- Recorded data
==========
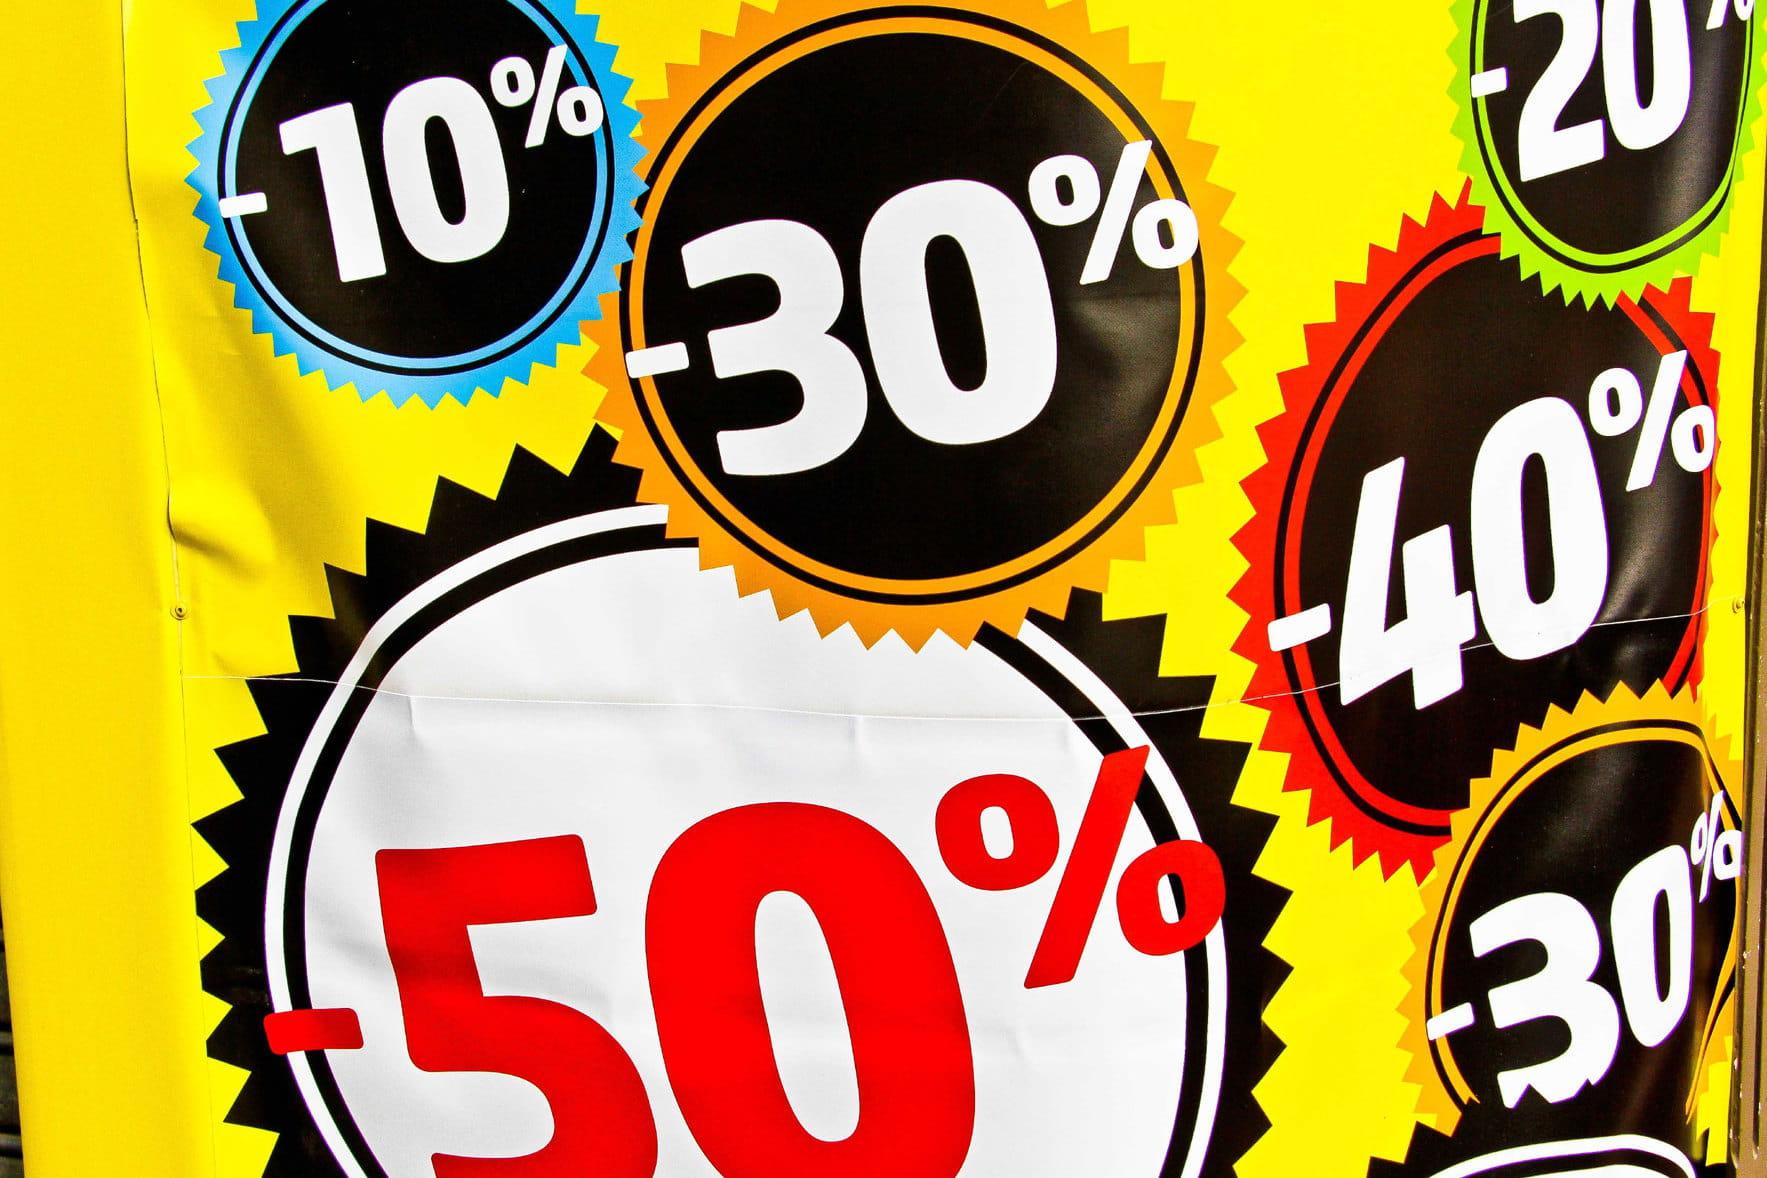 Target Black Friday 2014 Date Announced - BlackFriday.fm
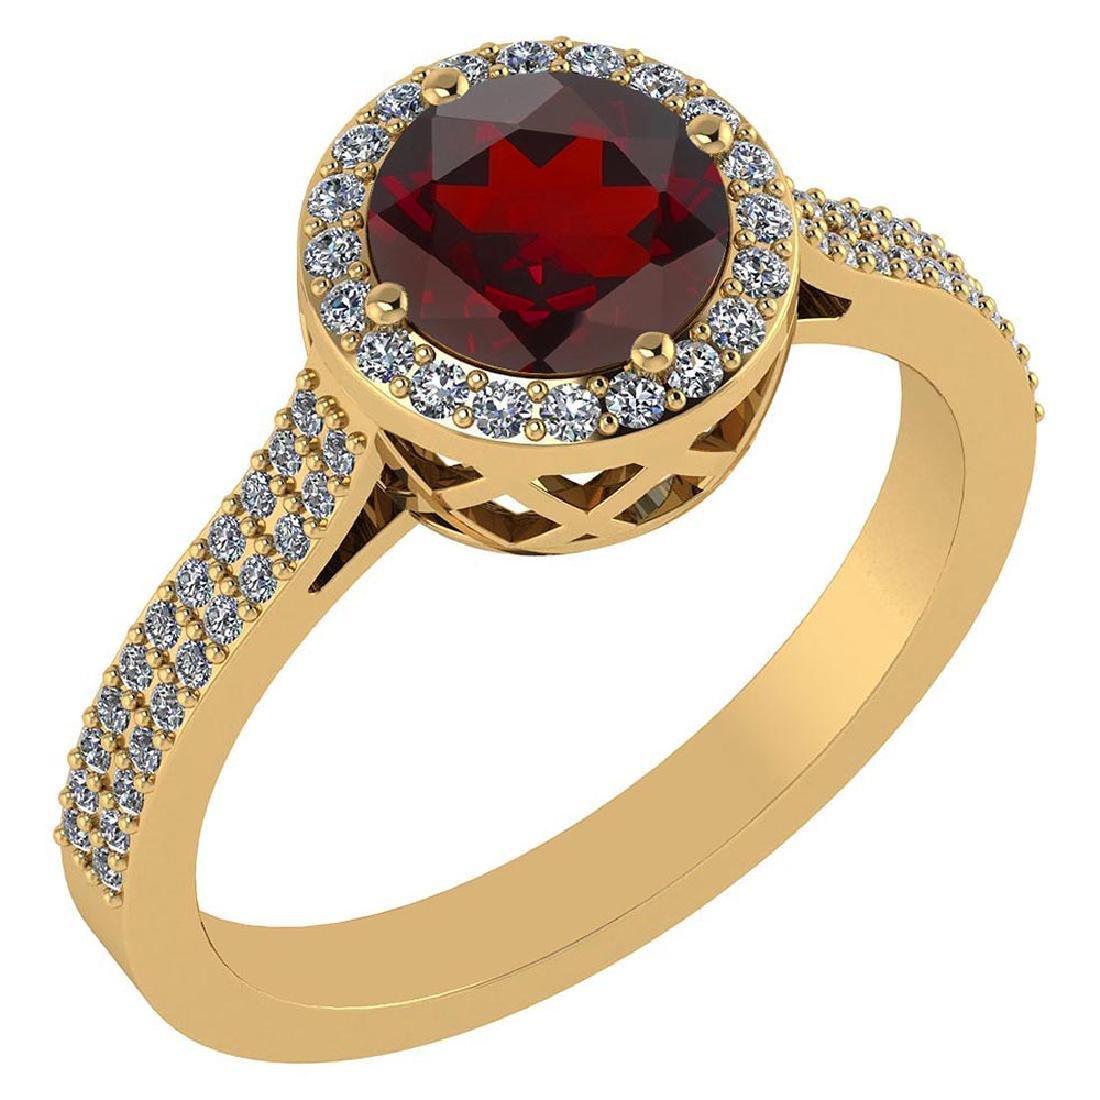 1.77 Ctw Garnet And Diamond 14k Yellow Gold Halo Ring
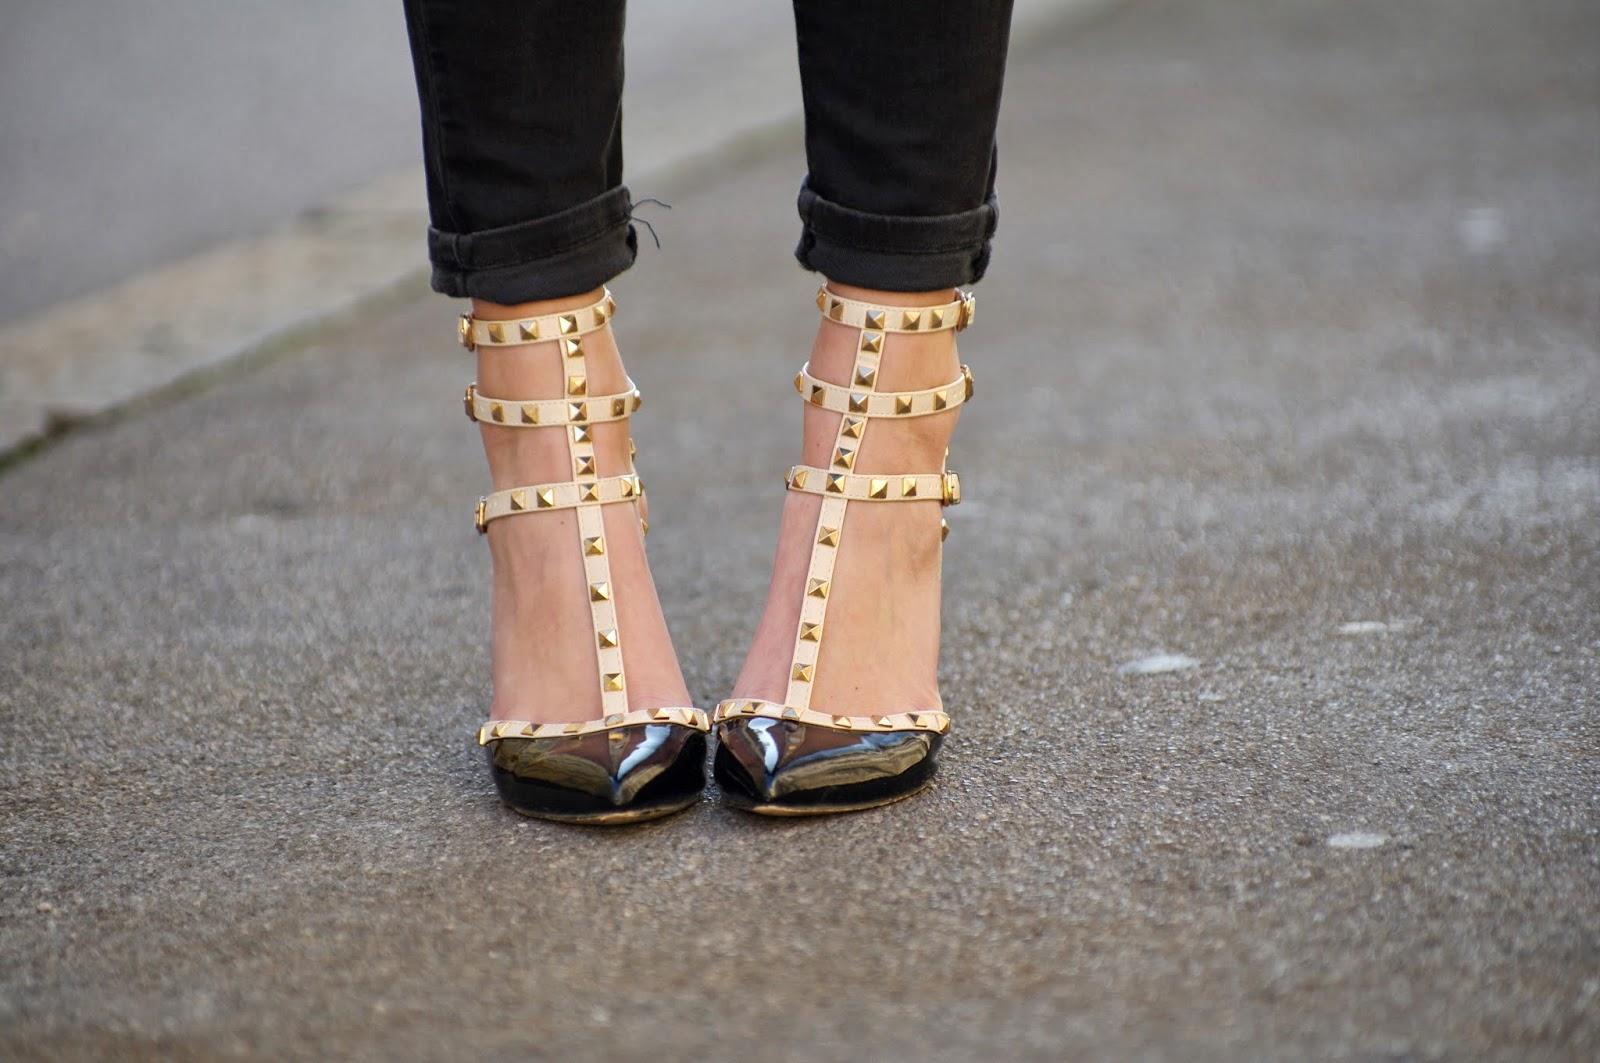 valentino rockstud lookalikes replica ebay, style blogger, fashion blog blogger, slovenski blogerji, modni blog
==========
- Exercise directions
Repeat the material verbatim. Do not carry over any picture.

- Written answer
 Target Black Friday 2014 Date Announced - BlackFriday.fm
 1.77 Ctw Garnet And Diamond 14k Yellow Gold Halo Ring
 valentino rockstud lookalikes replica ebay, style blogger, fashion blog blogger, slovenski blogerji, modni blog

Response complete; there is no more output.